36 Code Testing How to Write Go Language Unit Tests and Performance Test Cases #
Hello, I’m Kong Lingfei.
Starting today, we will enter the module of service testing, which mainly introduces how to test our Go projects.
In Go project development, we not only need to develop functionality, but it is also equally important to ensure that these functionalities are stable, reliable, and have good performance. To ensure this, we need to test the code. Developers usually perform unit tests and performance tests, which are used to test whether the code functions correctly and whether the code meets performance requirements.
Each language usually has its own testing package/module, and Go is no exception. In Go, we can use the testing package to perform unit tests and performance tests on the code. In this lecture, I will use some examples to explain how to write unit test and performance test cases. In the next lecture, I will introduce how to write other types of tests and provide test cases for the IAM project.
How to test Go code? #
Go language has a built-in testing framework called testing, which can be used to implement unit tests (T type) and performance tests (B type), and can be executed using the go test command.
When executing test cases with go test, the testing is done on a per-package basis. To execute tests, you need to specify the package name, such as go test package_name. If no package name is specified, the package where the command is executed will be selected by default. go test will traverse the source code files ending with _test.go and execute the test functions prefixed with Test, Benchmark, or Example.
To demonstrate how to write test cases, I have prepared four functions in advance.
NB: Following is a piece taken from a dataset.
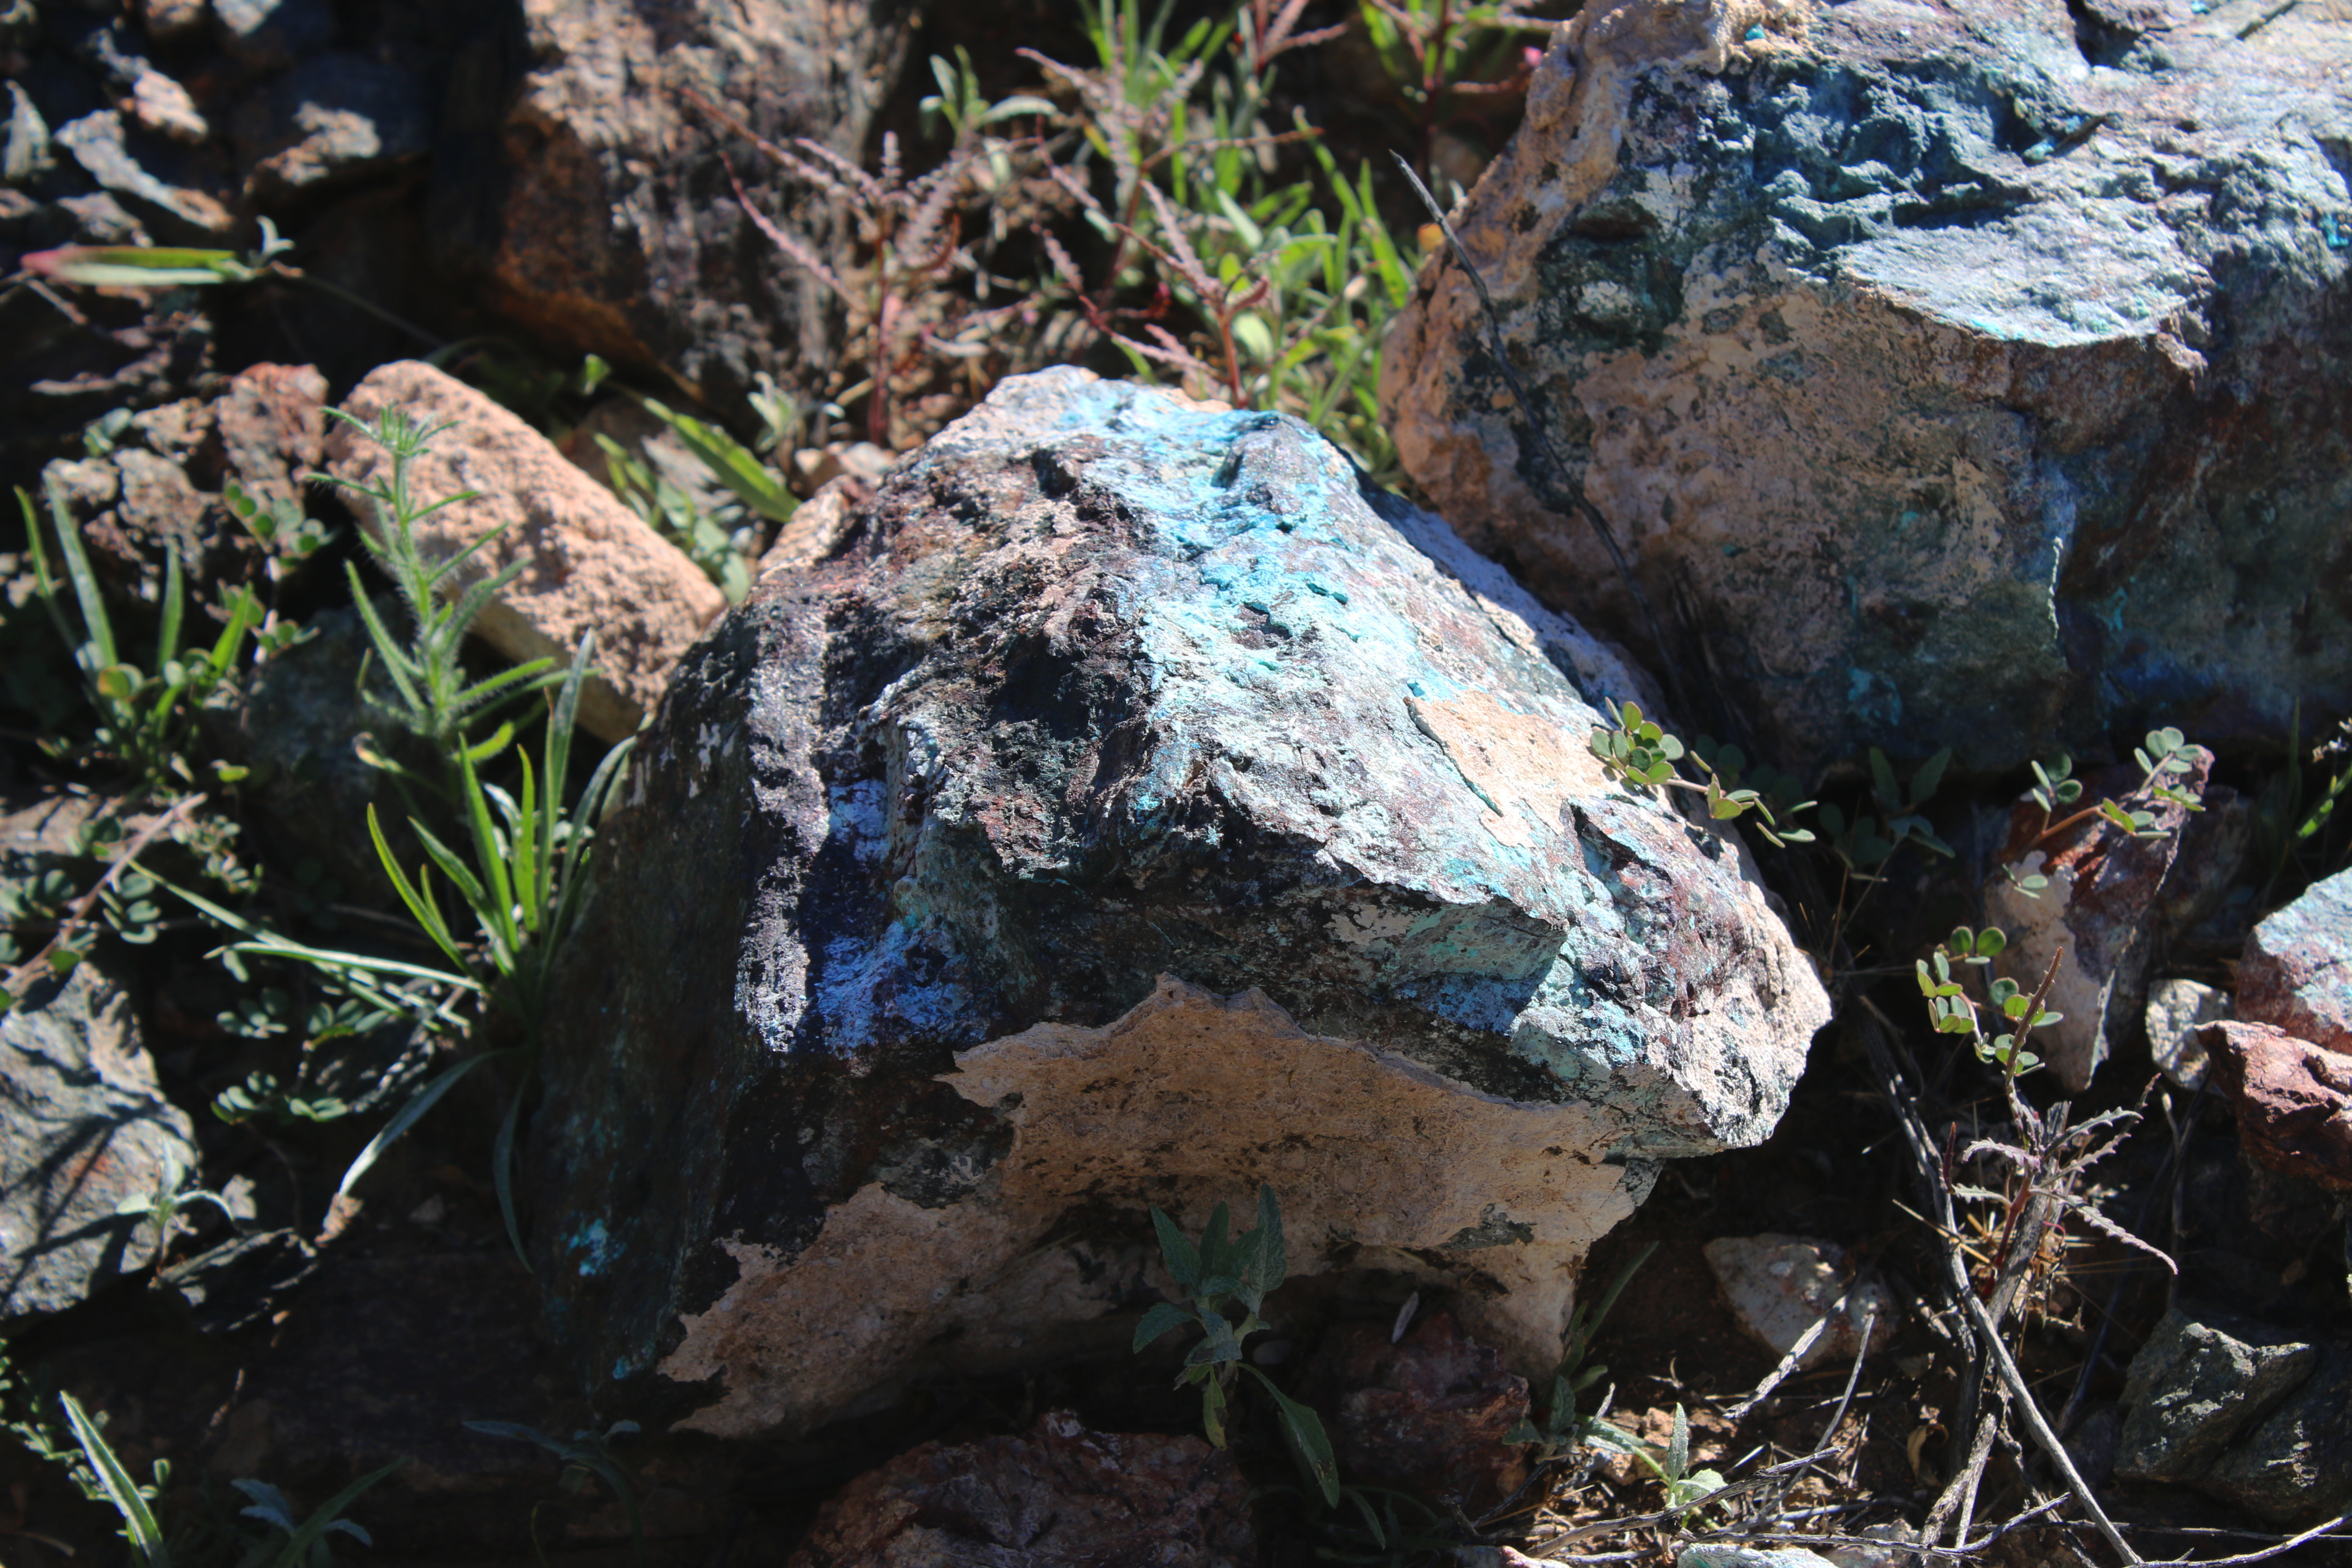 Pieces of gray chrysocolla with turquoise-colored streaks.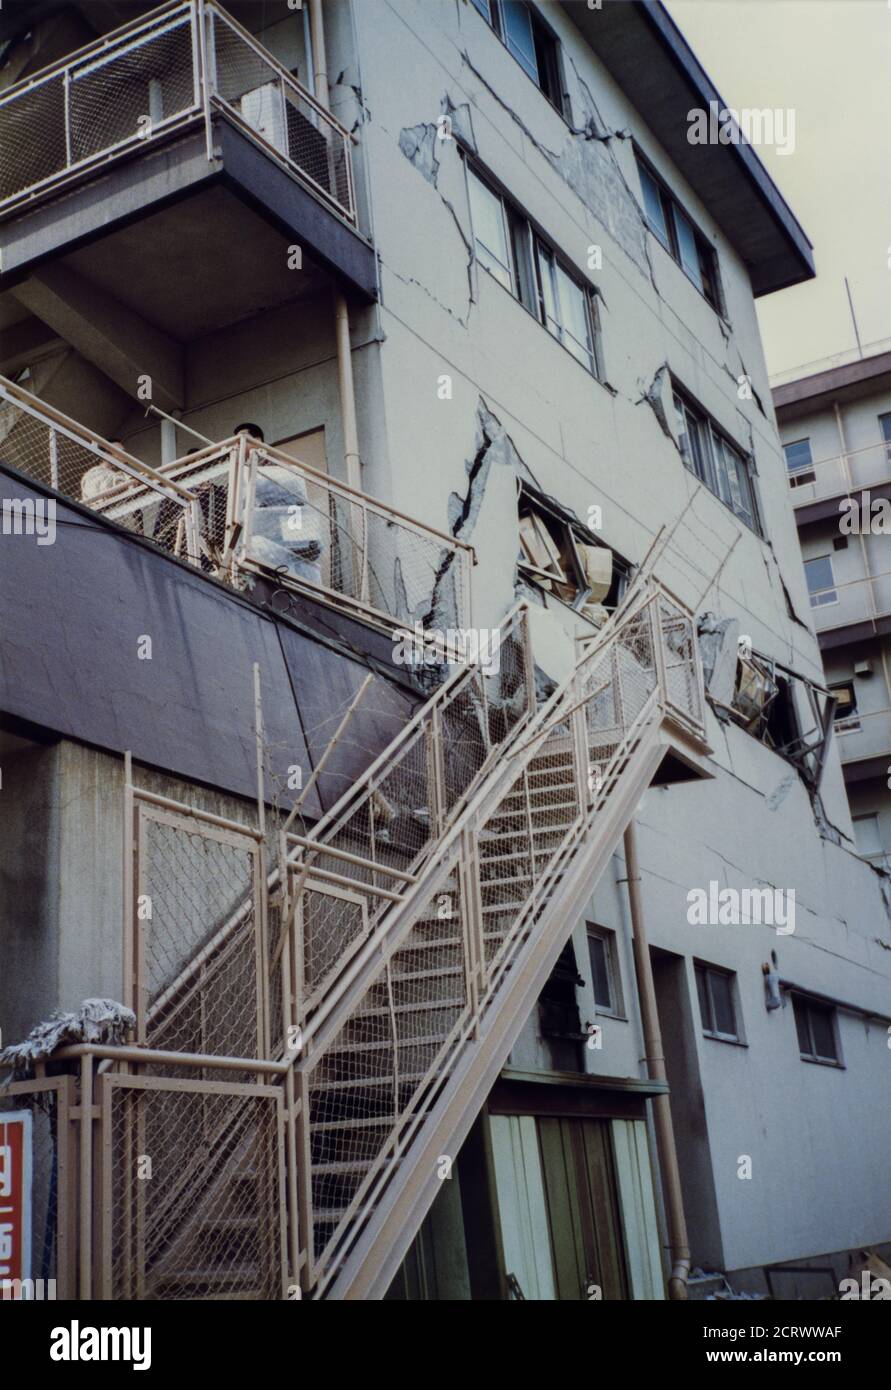 Apartment building with severe cracks and damage from the 1995 Great Hanshin Earthquake in Kobe, Japan Stock Photo

Assume these functions are saved in the math.go file under the test directory, with the package name test. The code for math.go is as follows:
package test
import (
"fmt"
"math"
"math/rand"
)
// Abs returns the absolute value of x.
func Abs(x float64) float64 {
return math.Abs(x)
}
// Max returns the larger of x or y.
func Max(x, y float64) float64 {
return math.Max(x, y)
}
// Min returns the smaller of x or y.
func Min(x, y float64) float64 {
return math.Min(x, y)
}
// RandInt returns a non-negative pseudo-random int from the default Source.
func RandInt() int {
return rand.Int()
}
In the upcoming content, I will demonstrate how to write test cases to perform unit tests and performance tests on these functions. Now let’s take a look at the naming conventions for tests.
Testing Naming Conventions #
When we write tests for Go code, we need to follow certain naming conventions for test files, test functions, and test variables. These conventions come from both official sources and the community. Here, I will introduce the naming conventions for test files, packages, test functions, and test variables.
Naming Conventions for Test Files #
Go test files must end with _test.go. For example, if we have a file named person.go, its test file must be named person_test.go. This is because Go needs to distinguish between regular code files and test files. These test files can be loaded by the go test command line tool to test the code we write, but they are ignored by the Go build process because these test code are not required for running the Go program.
Naming Conventions for Packages #
Go tests can be categorized as white-box testing or black-box testing.
- White-box testing: In white-box testing, tests are placed in the same Go package as the production code. This allows us to test both exported and unexported identifiers in the Go package. When our unit tests need to access unexported variables, functions, or methods in the Go package, we need to write white-box test cases.
- Black-box testing: In black-box testing, tests are placed in a separate Go package from the production code. In this case, we can only test the exported identifiers in the Go package. This means that our test package will not have access to any internal functions, variables, or constants in the production code.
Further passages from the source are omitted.